Лафортюн пожал плечами.
– Хорошо, если так. – Он подумал. – И знаете, может быть, они правы, что запретили мне священничество. – Он подумал еще. – Я многое понял. Беда только, что я не так много еще забыл, не так легко стряхнуть с себя монаха!
*
– За нашу встречу! – сказал Николай и поднял бокал.
– За дружбу каторжников, – сказал Лафортюн и тоже поднял бокал.
– За человеческий мозг – самый благородный металл вселенной, – сказал Николай.
Они чокнулись.
– Теперь за наше будущее, – сказал Лафортюн и снова налил бокал. – Я тогда вам наговорил много нехорошего – так вы на меня не обижайтесь.

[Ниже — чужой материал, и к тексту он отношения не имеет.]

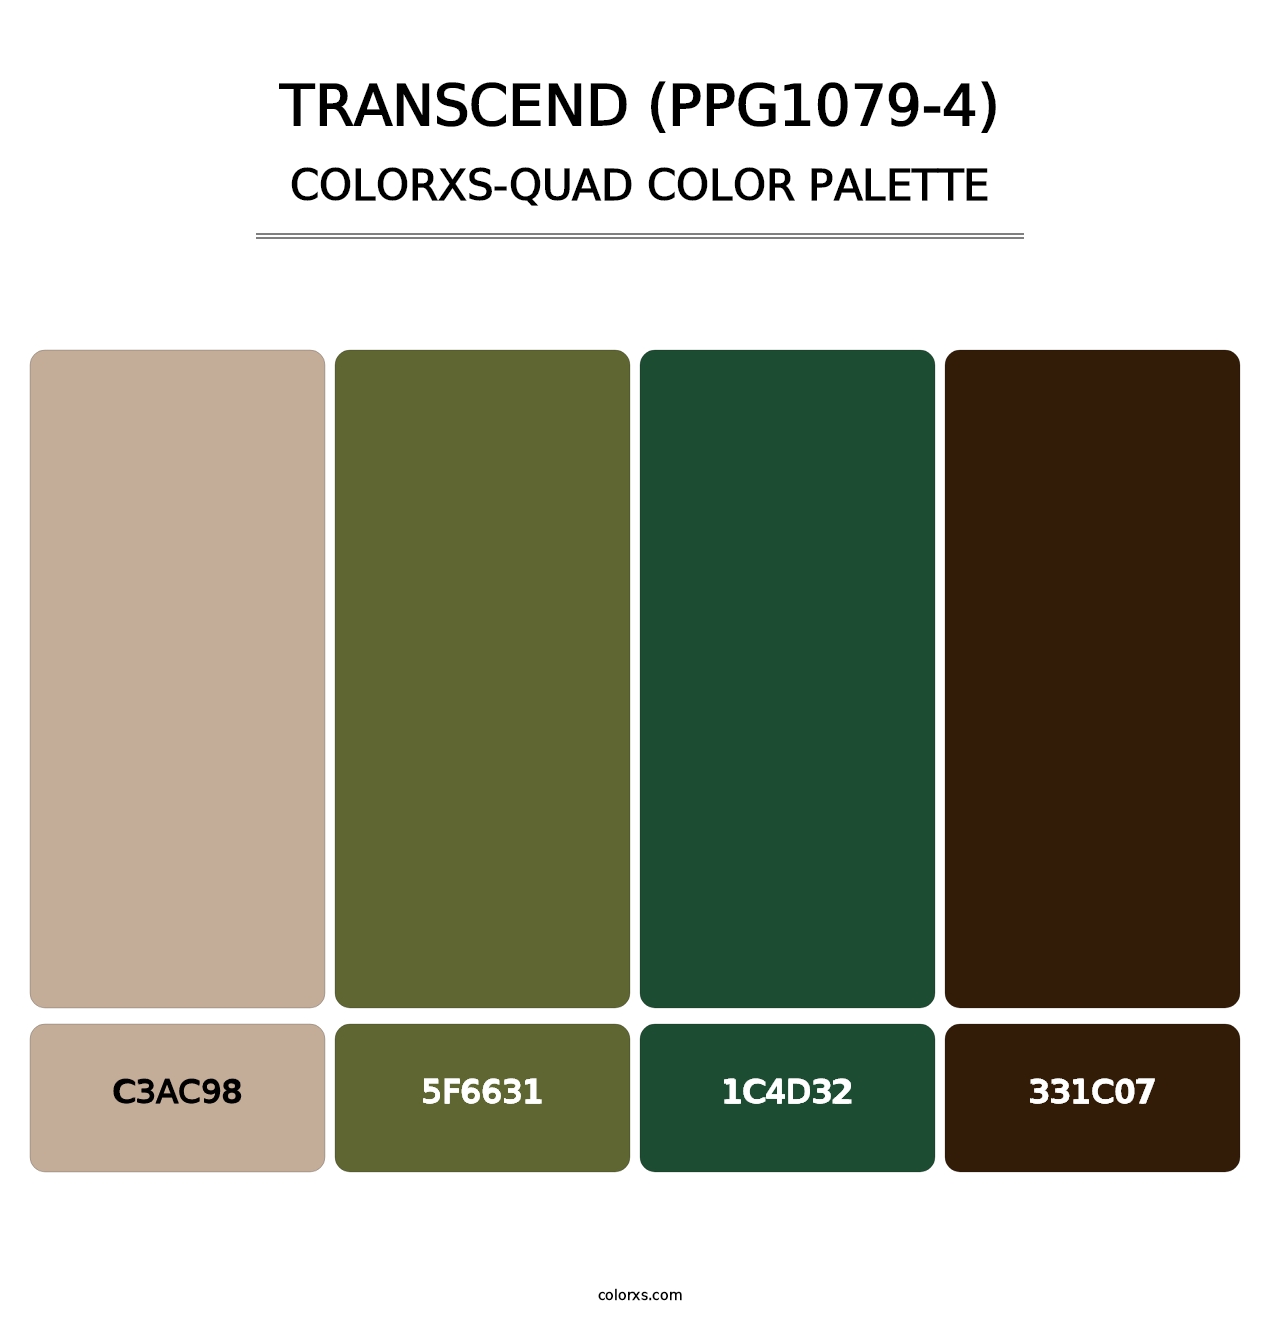 Transcend (PPG1079-4) - Colorxs Quad Palette

Николай пригубил свой бокал.
– «О благодетельная сила зла», – продекламировал он задумчиво. – Молодчина Шекспир…
– У вас все благополучно дома?
– Да, – ответил Николай, – все.
– Так оно и должно быть, – согласился Лафортюн. – Помните, я говорил: «Мир бесконечно больших величин!» Потом я понял: мир бесконечно больших величин ослепителен, но все его тепло расхватали люди, а там один блеск и космический мороз. – Его передернуло. – Он так холоден, что у меня под старость мерзнут зубы и кости – от его света. Я знаю: без него наш мир ослеп бы и погиб во тьме, но только теперь я понимаю, как всю жизнь мне было холодно от него: «Она меня любит». Она! Что за горячие и гордые слова! – Он тряхнул головой. – У меня по вечерам болят ноги, и я скулю: «Она меня любит по-прежнему!» – продекламировал он. – Она вас любит по-прежнему?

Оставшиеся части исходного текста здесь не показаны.